# Ceramic Tile Backsplash Installation



## DK75 (Jan 9, 2006)

I have a painted drywall backsplash behind the stove and countertops that I woudl like to consider putting ceramic tile for appearance as well as resistance to oil/grease/and other splashes from cooking. 

I was thinking of using a ceramic tile that is not porous and easily wiped clean. 

Do I need to add a backerboard or can I adher the tile directly to the painted wall? 

Any advice on type of grout and tile adhesive? 

THanks
DK


----------



## redline (Mar 5, 2006)

DK75 said:


> Do I need to add a backerboard or can I adher the tile directly to the painted wall?
> 
> Any advice on type of grout and tile adhesive?
> 
> ...


Is the existing wall surface solid?


----------



## DK75 (Jan 9, 2006)

Redline: 

Yes the wall is solid. It is the same wall that the cabinets are hung. I was considering a smaller tile to give more resolution since the area is approximately 18-20" tall. I have seen 4x4 or 6x6 inch tiles, or even the smaller ones that are tied together by a mesh backing. I thought anything heavier might present problems with hanging on a vertical wall? 

Do I need to treat or condition the wall surface prior to adhesion? 

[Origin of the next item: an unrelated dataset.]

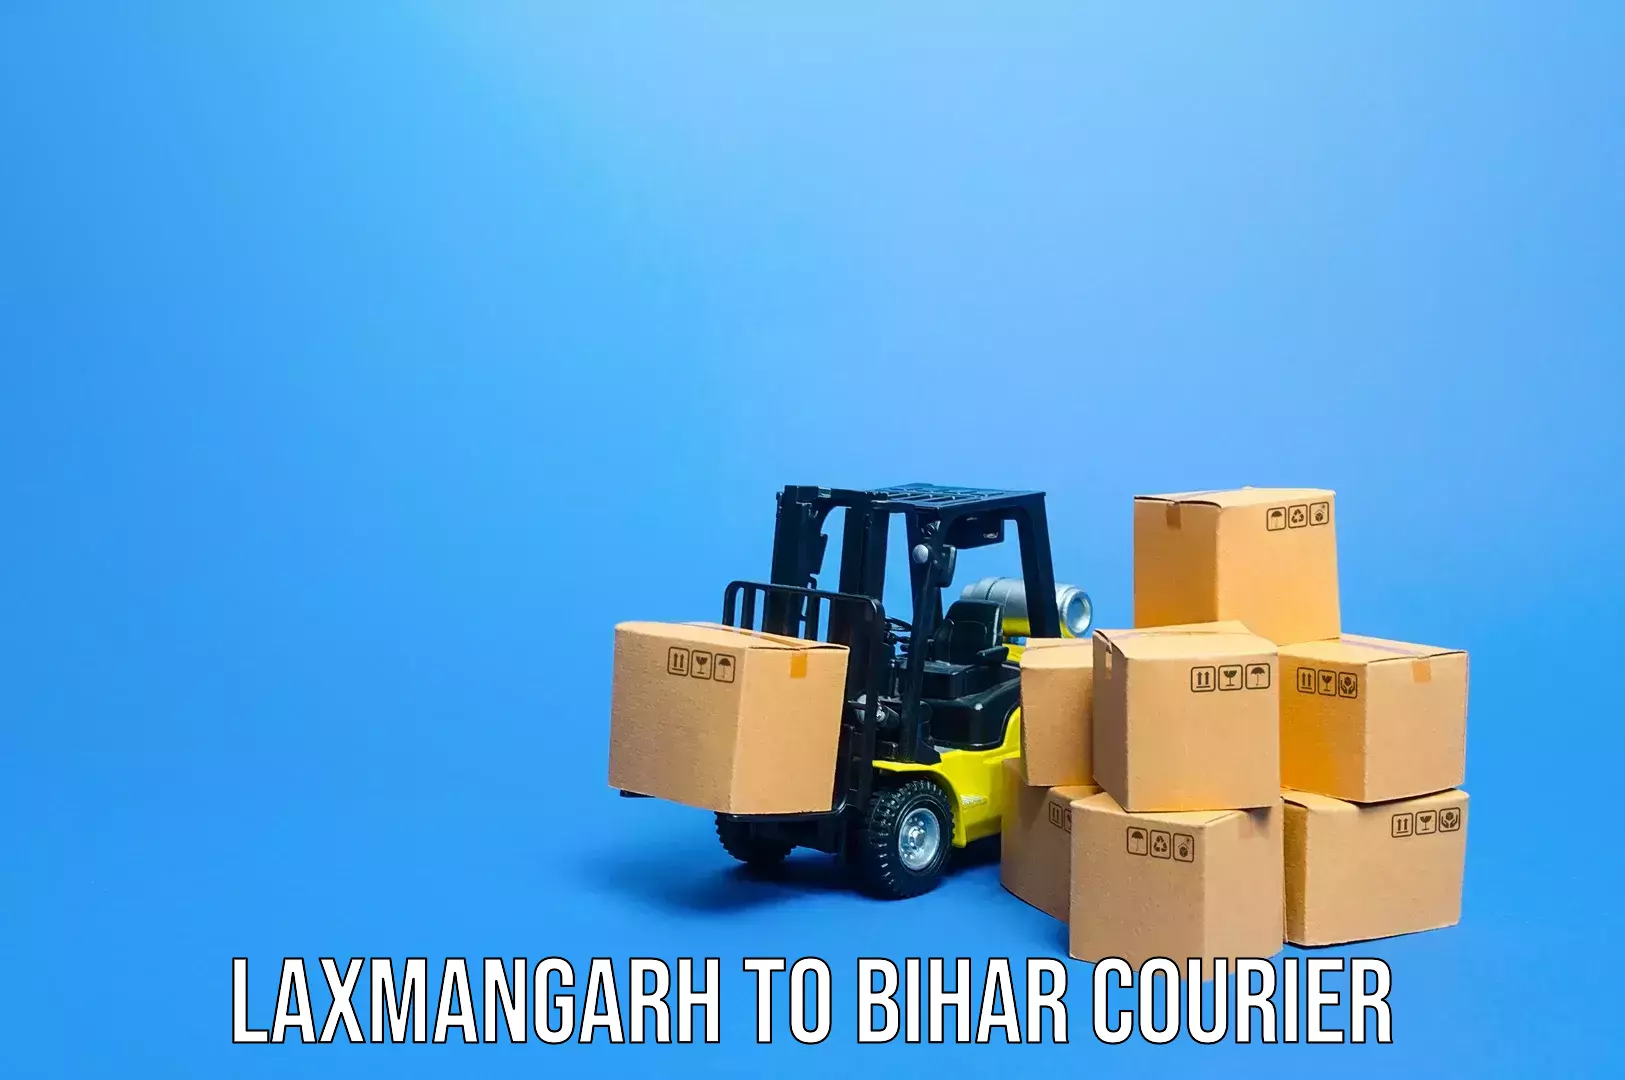 Luggage transport deals in Laxmangarh to Dhaka

I am a first timer and figured I would start from the counter top and work up to the underside of the cabinets....assuming the counter top is perfectly level, otherwise I can snap a perfect level line to begin. I should not have to make many cuts since there is only two outlets.


----------



## billinak (Mar 16, 2005)

I'm not sure how far up the wall your backsplash will go. If it's only one tile you could probably make it work with the existing wall, but anymore than that and you should replace the drywall with tile backer. Putting tile on drywall just doesn't work as far as I can tell.


----------



## troubleseeker (Sep 25, 2006)

I would prime the walls with a quality oil based primer first. For a kitchen backsplash you should not have any trouble using mastic directly to the drywall. Seen many such installations that were pretty old. Most of the horror stories about tile on drywall result from using this combination for wet areas,like showers or tub/shower surrounds. This is a gauranteed disaster, just waiting to happen.


----------